Your assignment> Return the listing exactly, please; no pictures.

Data excerpt>
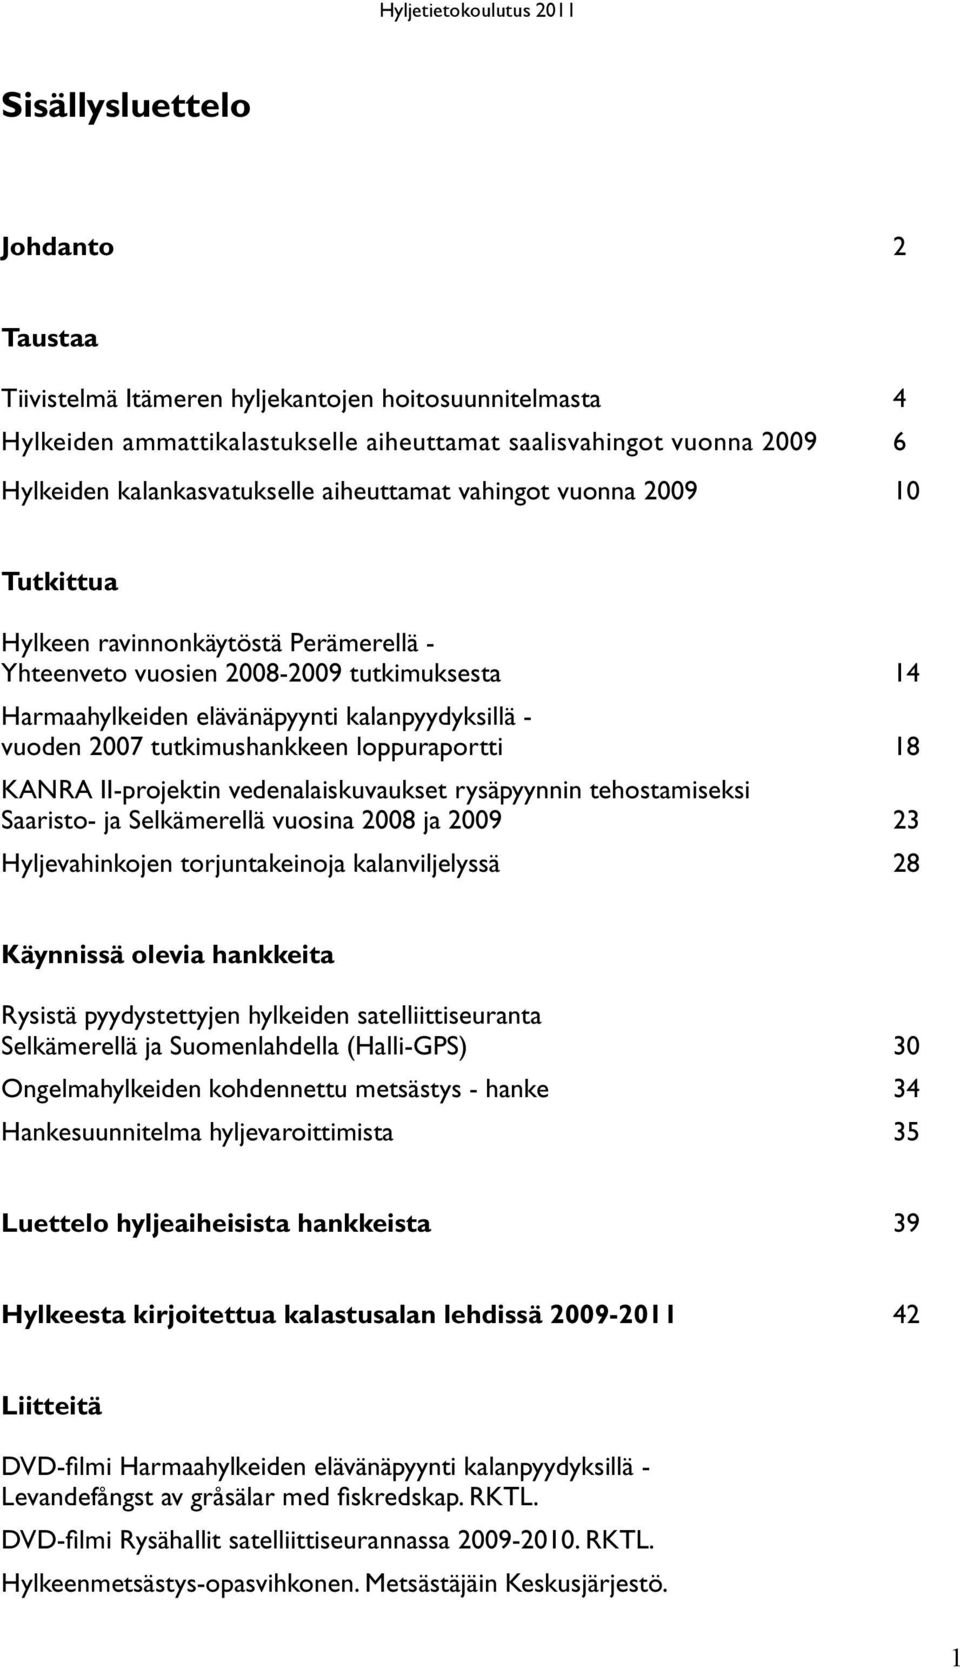 tutkimushankkeen loppuraportti 18 KANRA II-projektin vedenalaiskuvaukset rysäpyynnin tehostamiseksi Saaristo- ja Selkämerellä vuosina 2008 ja 2009 23 Hyljevahinkojen torjuntakeinoja kalanviljelyssä
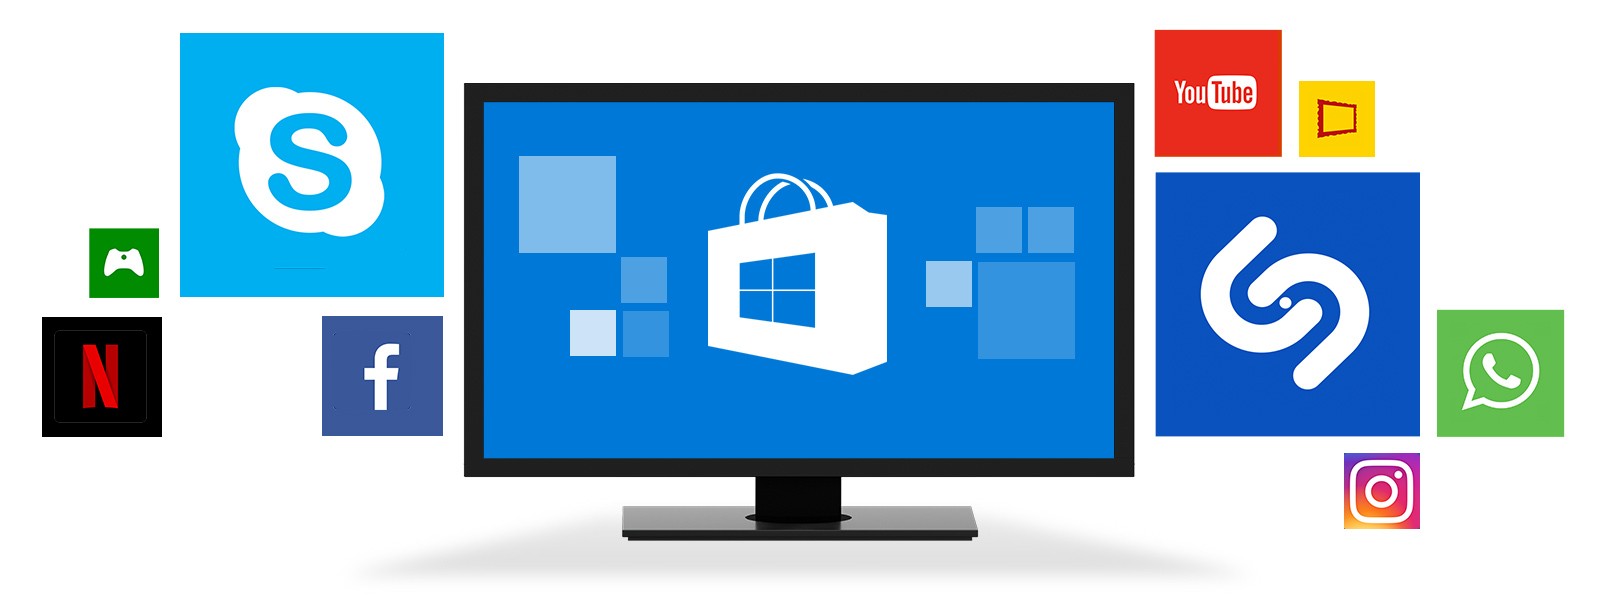 Jogo exclusivo do Windows 10: Tile Rider está de graça na loja da Microsoft  
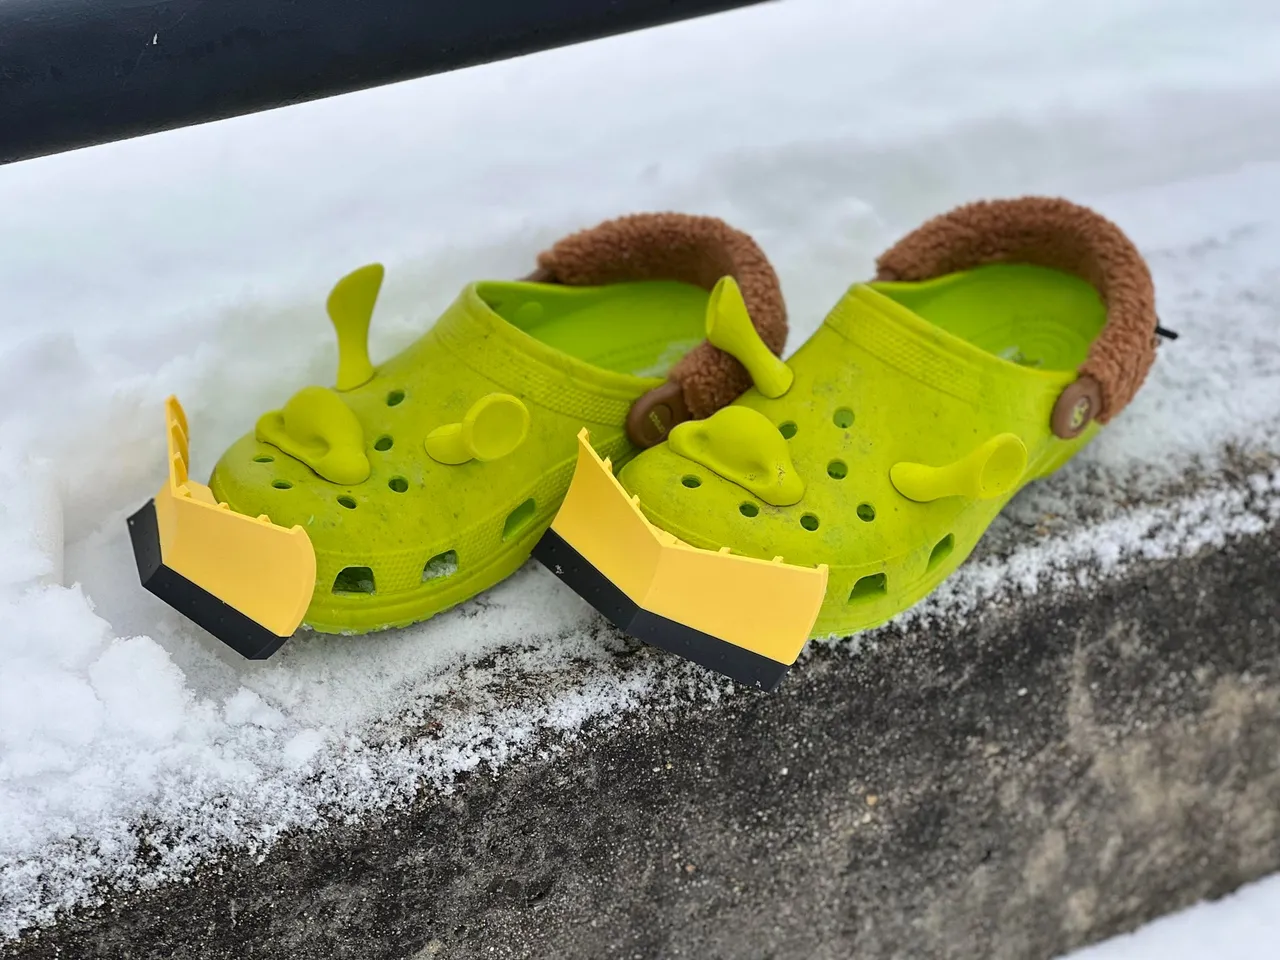 Snow Plow Crocs

Written solution>
 tutkimushankkeen loppuraportti 18 KANRA II-projektin vedenalaiskuvaukset rysäpyynnin tehostamiseksi Saaristo- ja Selkämerellä vuosina 2008 ja 2009 23 Hyljevahinkojen torjuntakeinoja kalanviljelyssä
 Jogo exclusivo do Windows 10: Tile Rider está de graça na loja da Microsoft  
 Snow Plow Crocs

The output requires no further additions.